Suppose he became dramatically more emotionally expressive and affectionate. Would you be satisfied with other possible side manifestations? For example, sex could become less spicy, instead with an increased focus on hugging, kissing, and holding.

In terms of alternative solutions, perhaps you could develop increased emotional closeness through a mutually enjoyed activity that happens to naturally be emotional. 

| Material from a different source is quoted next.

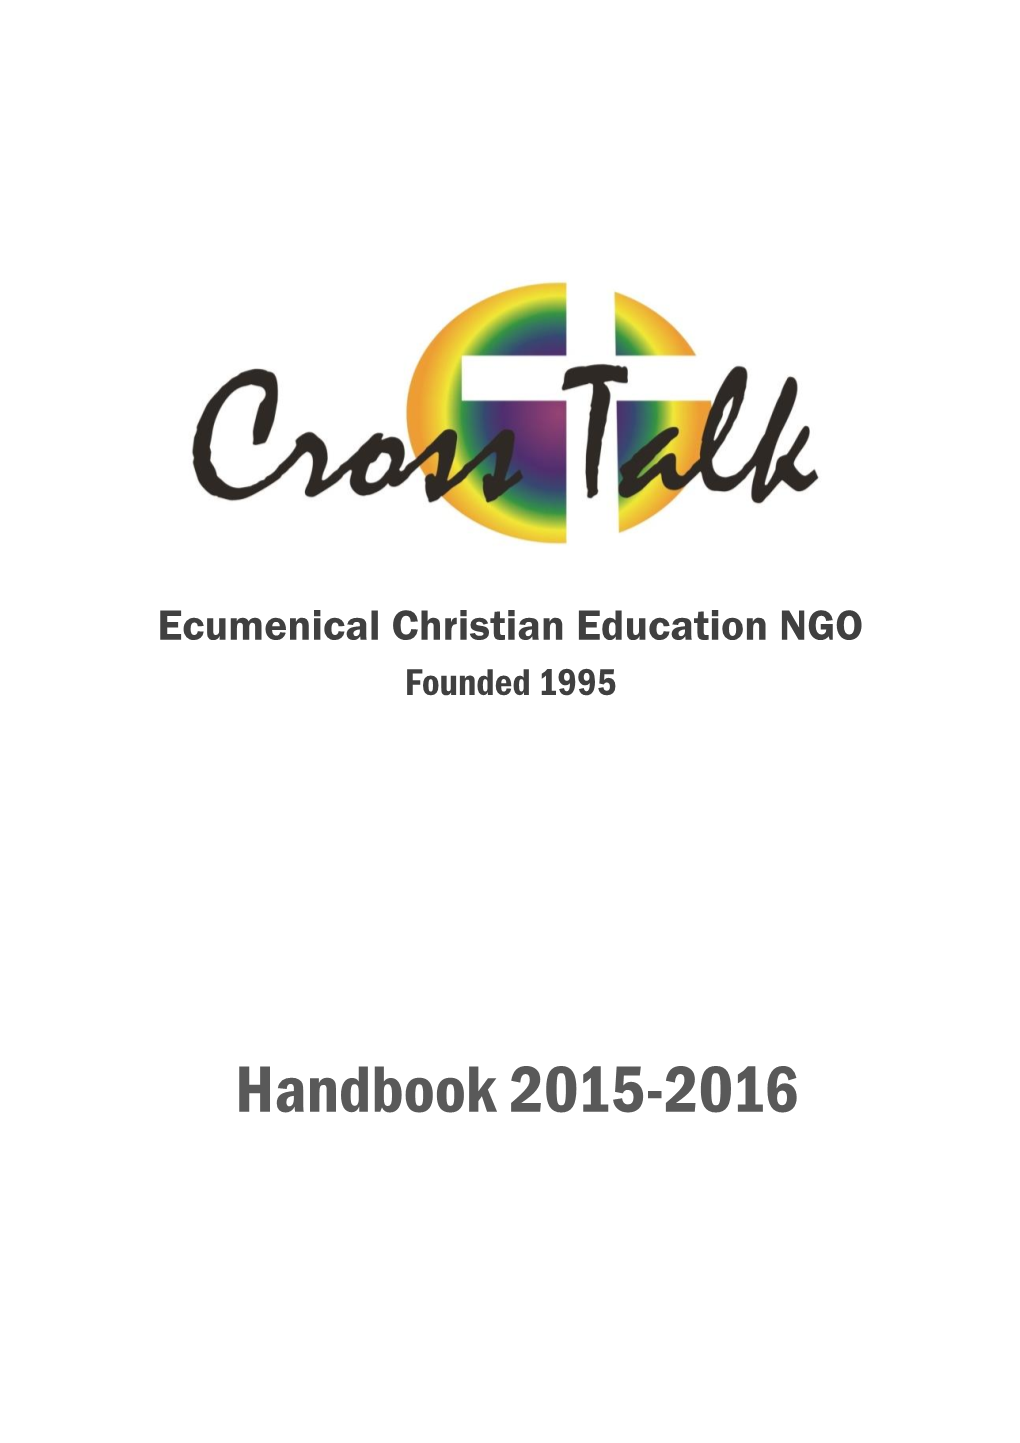 Ecumenical Christian Education NGO Founded 1995
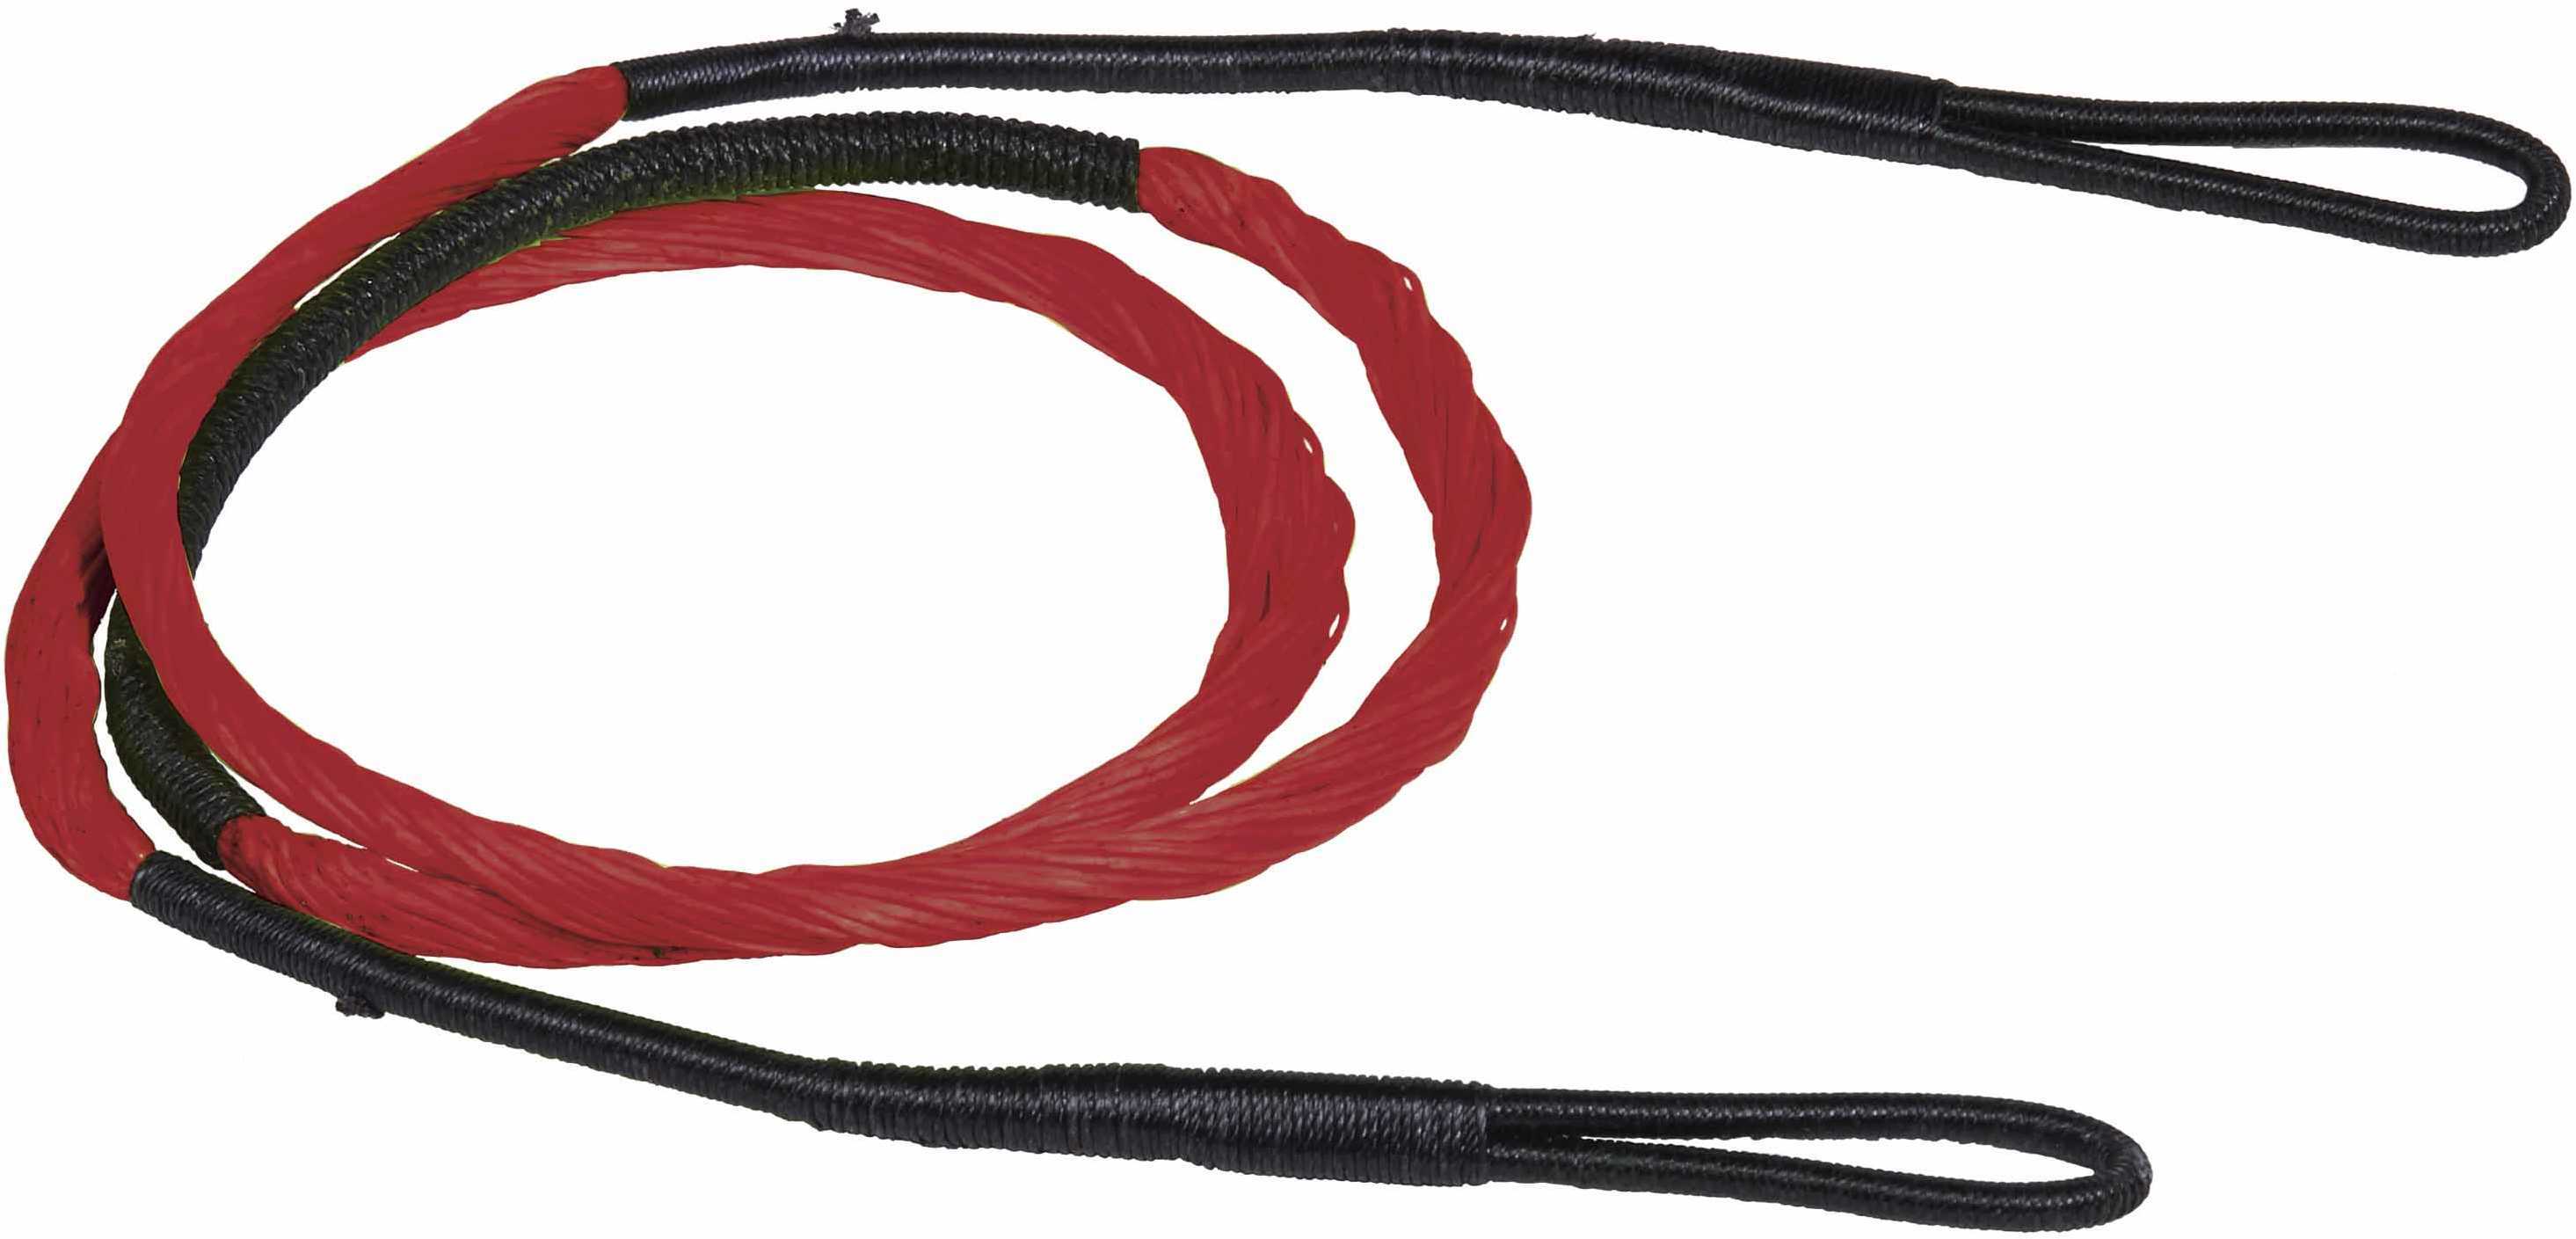 Excalibur Matrix String Red Model: 1992BR

Example: watching a hockey game together. 
He might be there to enjoy the sight of skillful competition, of mechanical prowess, and to root for one of the teams. You might be there primarily to spend time with him. This could be a compromise (because you might ordinarily have no interest in the sport itself). Hockey games can also be quite emotional experiences (anger, worry, disgust, feelings of victory), but the emotions experienced would be quite different than those experienced in a typical "chick flick." He may feel closer to you because of mutual participation in an activity he enjoys. You may feel closer to him because you see his emotional displays and reactions, as well as him seeing yours. However, if the reasons and interests in participation be too different, related conversation might not be very deep.

Another solution could be to get a or more close friends.

Example: Fred/Barney and Betty/Wilma from the Flinstones cartoon. 
If you desire increased emotional connectedness, is it within the boundaries of your marriage to pursue it outside?


----------



## SockPuppet (May 16, 2011)

JuliaP said:


> well, he did grow up in a house where there was allot of coldness. His parents divorced and it took them 5 years to do so- so for 5 years there was fighting, anger, coldness etc all in front of him. Then his dad took off and started a new family. I know this has scarred him.


Wow, this sounds familiar... I have reflected on this part of my past and, according to books, it can cause people to become emotionally unattached, for obvious reasons. Im sure there IS love, but he has a pathological aversion to expressing it.

I hope thats the right word, Im trying to be all brainy.

Maybe councelling would help him out?


----------